= Treaty of Rheinfelden =

1283 treaty establishing succession for the House of Habsburg

The Treaty of Rheinfelden (Rheinfelder Hausordnung) was the first Habsburg order of succession, concluded on 1 June 1283 at the Imperial City of Rheinfelden.

Rudolph of Habsburg had been chosen as King of the Romans in 1273 and had defeated his rival Ottokar II of Bohemia who was killed at the 1278 Battle on the Marchfeld. Ottokar's son Wenceslaus II retained the Bohemian Kingdom, while Ottokar's estates in Austria, Styria, Carinthia and Carniola fell back to the Holy Roman Empire.

King Rudolph had reached an agreement with the prince-electors to award these territories to his sons and, at the Diet of Augsburg in 1282, Albert I and his brother Rudolph II "jointly and severally" received Austria, Styria, Carniola and the Windic March.

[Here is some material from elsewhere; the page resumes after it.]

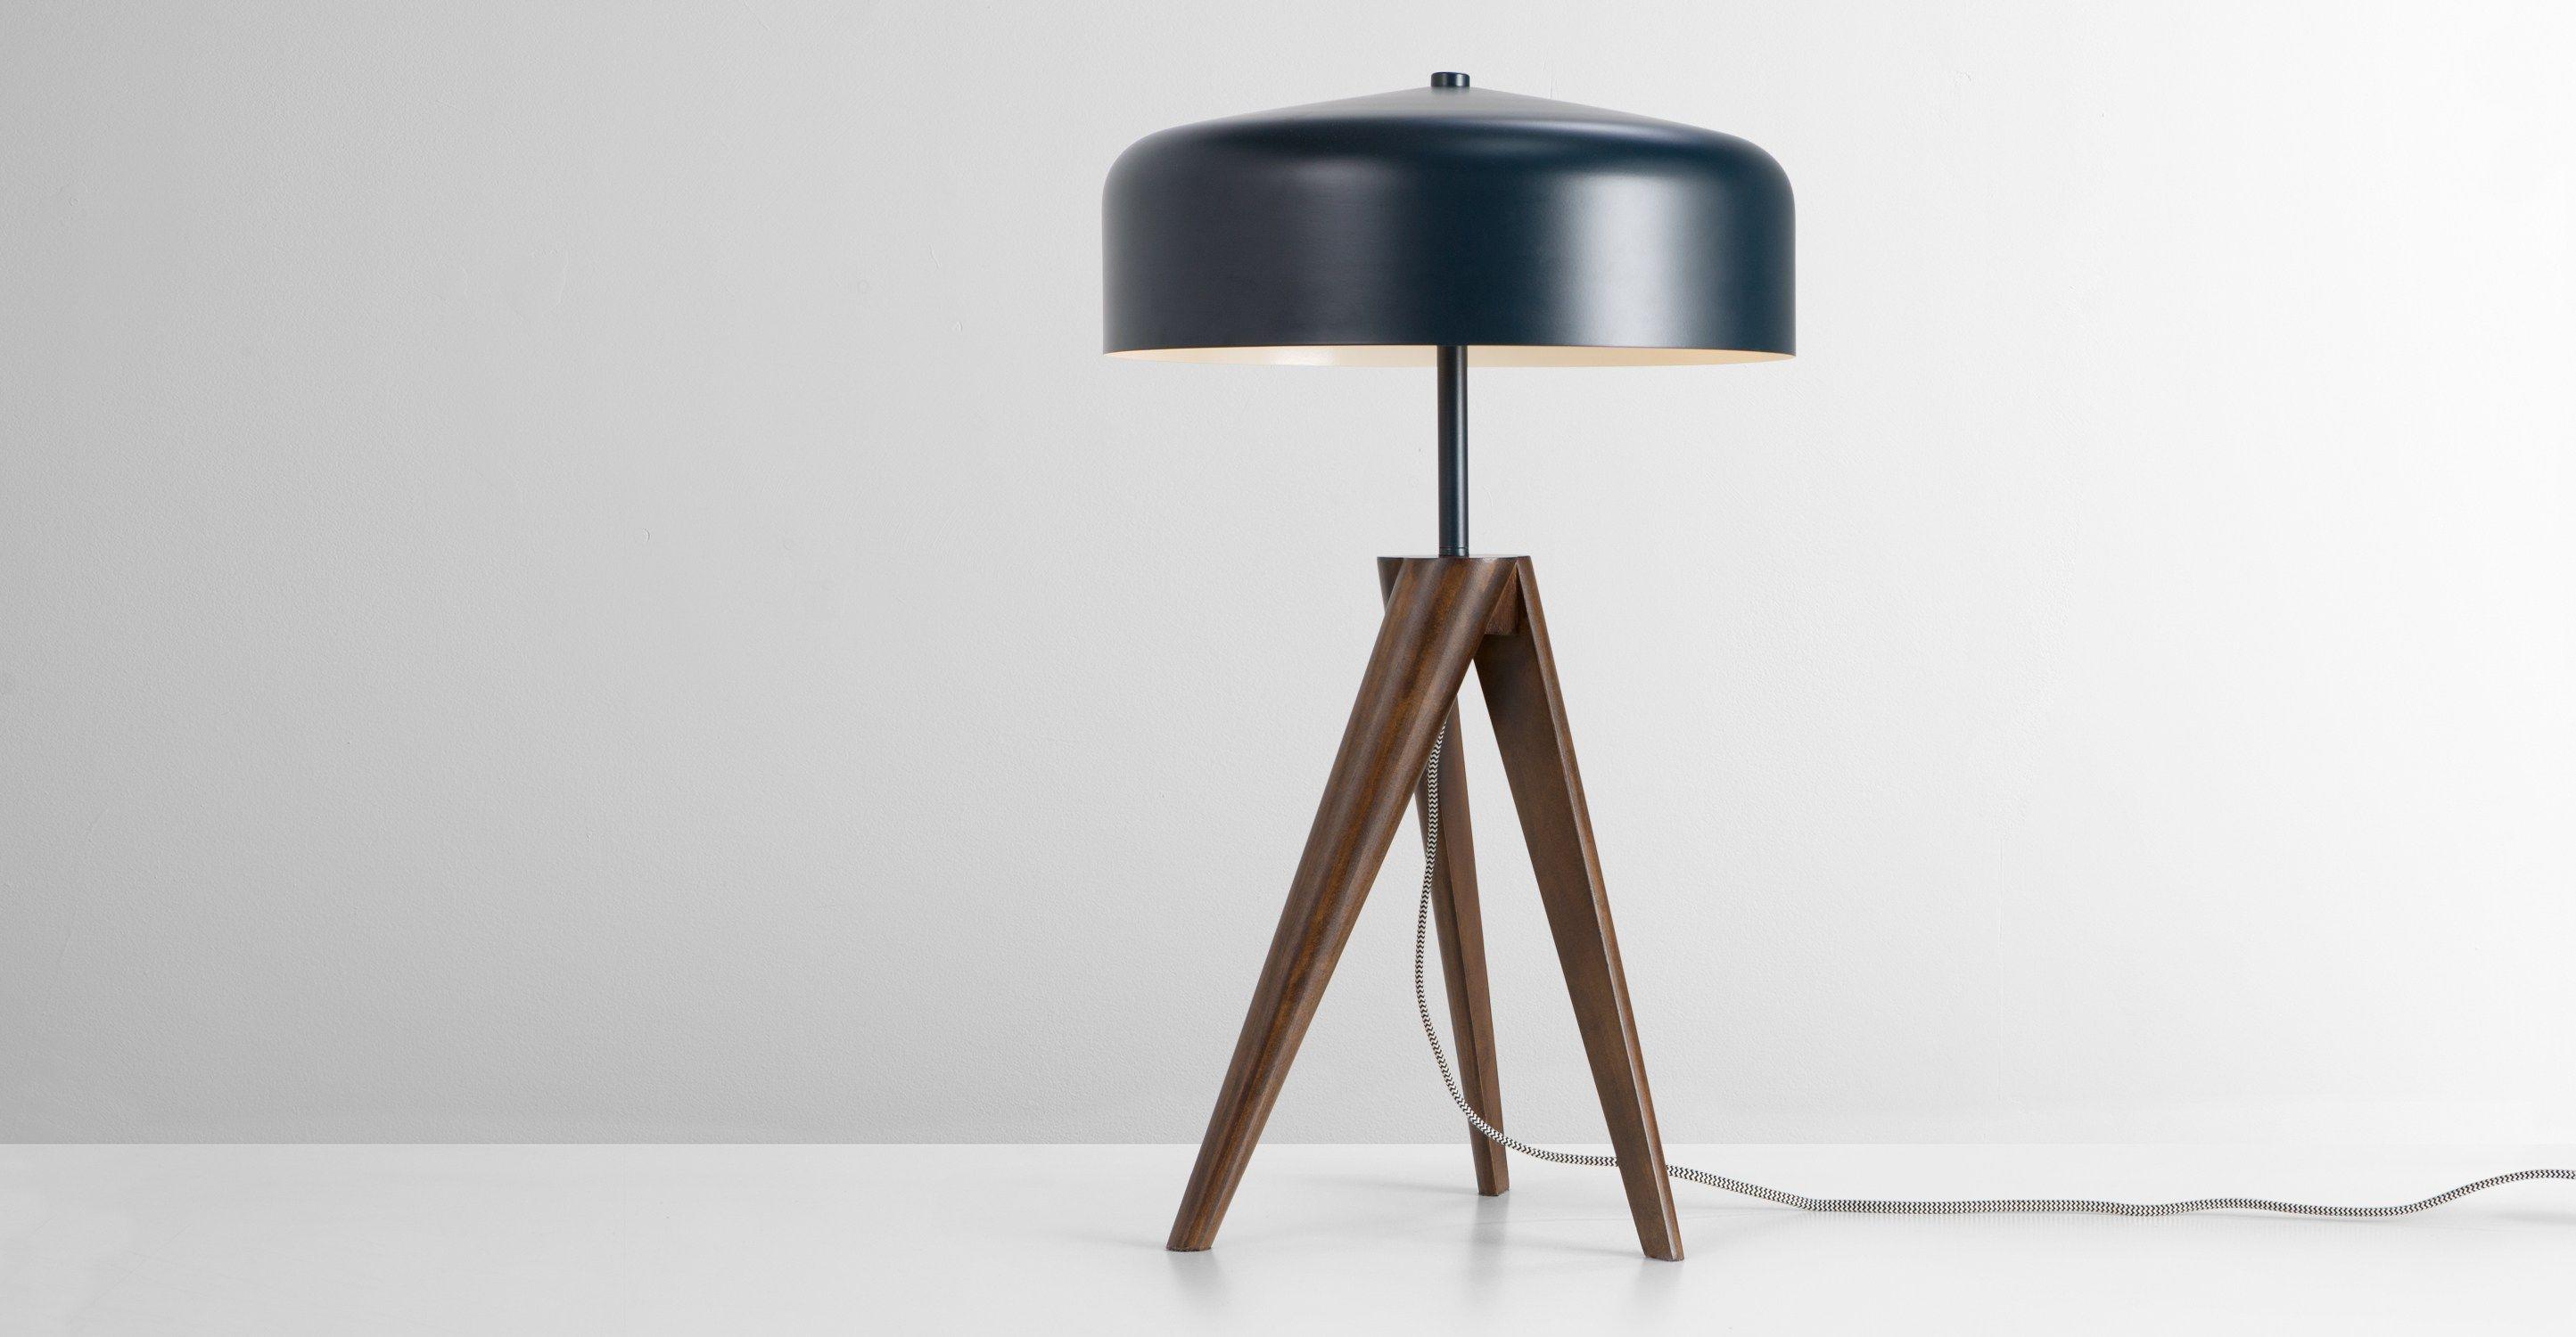 Madison lampe de table bleu marine et bois foncé

However, in 1286, Meinhard II of Gorizia-Tyrol became Duke of Carinthia as recompensation for supporting King Rudolph against Ottokar, and also received Carniola and the Windic March as fiefs.

Deviating from these decisions, the Rheinfelden Treaty set down the primogeniture order: then eleven-year-old Duke Rudolph II had to waive all his rights to the thrones of Austria and Styria to the benefit of his elder brother Albert I. According to the terms of the agreement, Rudolf should receive some territories in Further Austria in return but was never compensated until his death in 1290. This fact induced his son John Parricida to murder Albert in 1308.

The adoption of the primogeniture right crucially strengthened the Habsburg influence within the Holy Roman Empire as it allowed the dynasty to constitute a compact allodial territory (Hausmacht) that it could rely on. It nevertheless did not prevent the partition of the Habsburg lands by the 1379 Treaty of Neuberg.